Basics remain the same. Your pitch, whether it be your main deck with 10 slides or an elevator pitch where you only have 5 minutes to impress the other party, will continue to be a story you tell about your business that gives investors the outsized returns they are looking for.
In this guide, you will learn how to pitch effectively so that you can amp up your fundraising game.
But first, what is an investor looking for?
Well, that changes depending on where your startup is in its journey and the industry you are operating in. If you are a very early-stage startup, investors are looking only for the absolute basics and whether or not it matches their broad investment thesis.
There is, however, no singularly correct approach to this.

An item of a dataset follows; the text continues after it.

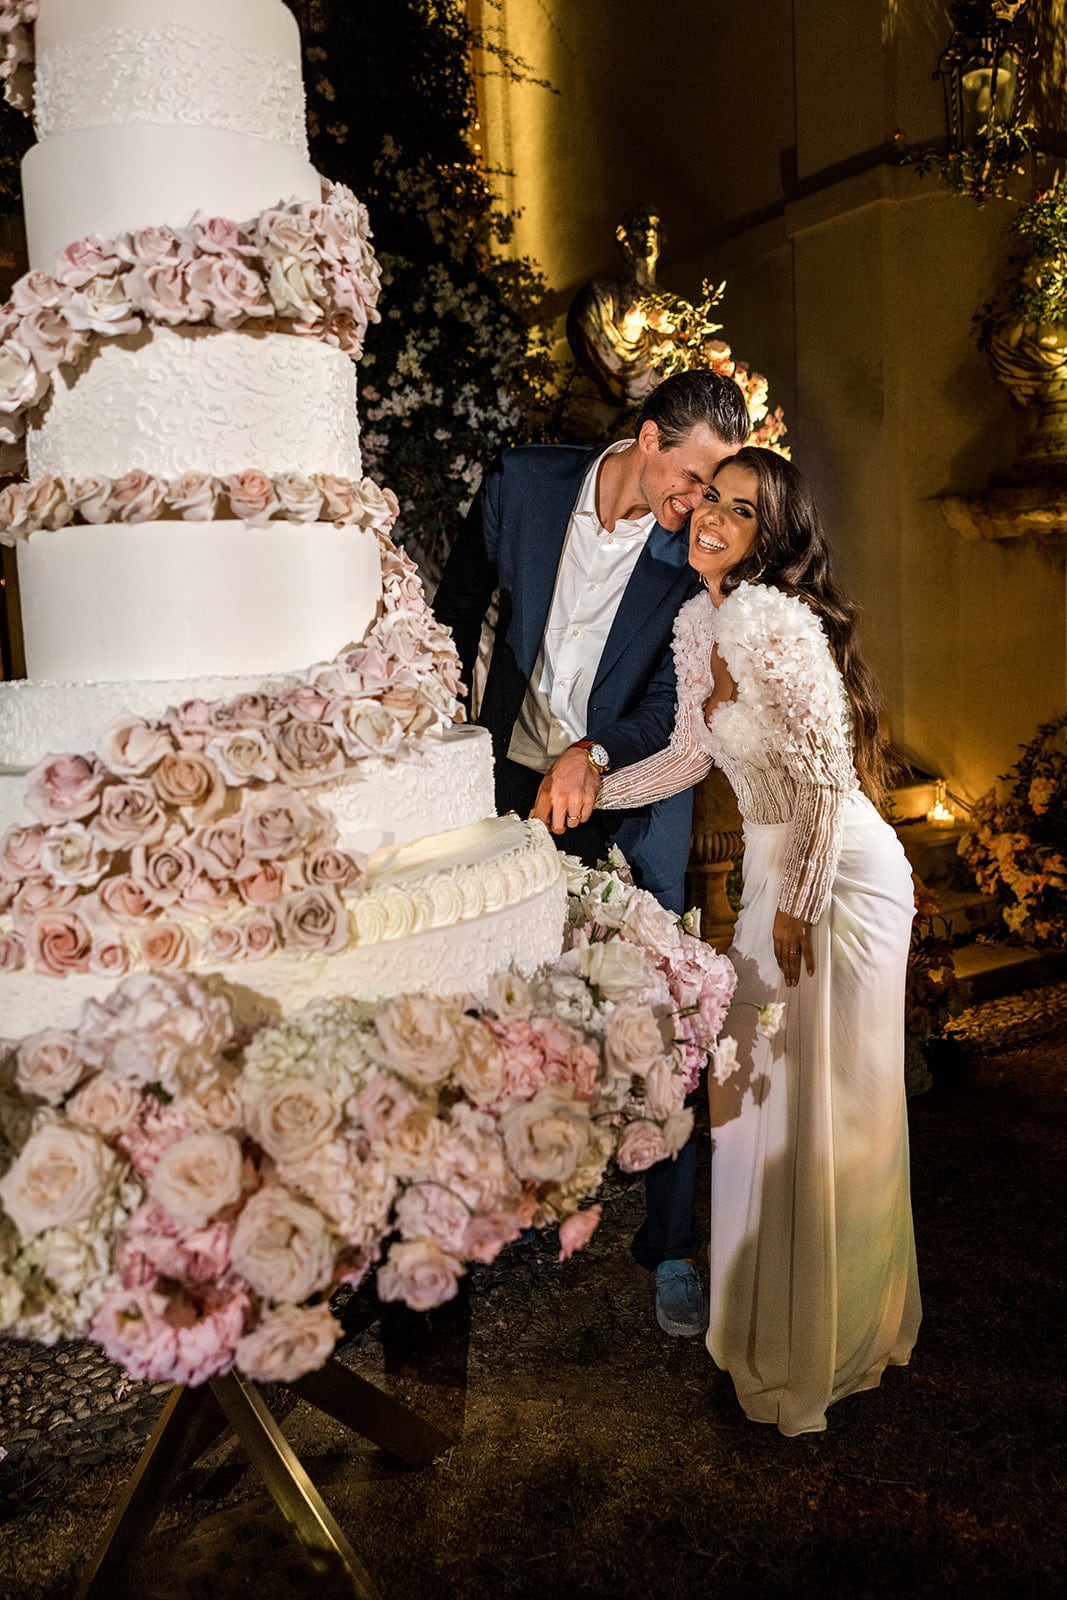 Bride and groom cut massive wedding cake together

In some cases, the investors would first want a brief about what you are solving, a bit about the team and how you plan to approach the problem. If they like it, there will be subsequent meetings to discuss a more detailed version of the deck, which will include financial projections and a roadmap to the future.
In some others, the investors may want a detailed pitch deck to even set up the first meeting.
But most of all, what they want is a burning problem and your story on how (and why) you are the best person to solve it. That’s what tells them if you would be able to earn them their returns.
Creating a pitch deck
You already know the basics. Your pitch deck must include a title deck with your company name and purpose, the problem you are solving and a bit about the founding team you have put together to solve it.
What else should your pitch deck include?
Market Size
The primary objective of the investor is to make money, which is why they are constantly on the lookout for the next big opportunity. A key indicator of that? The size of the market that you would likely be serving.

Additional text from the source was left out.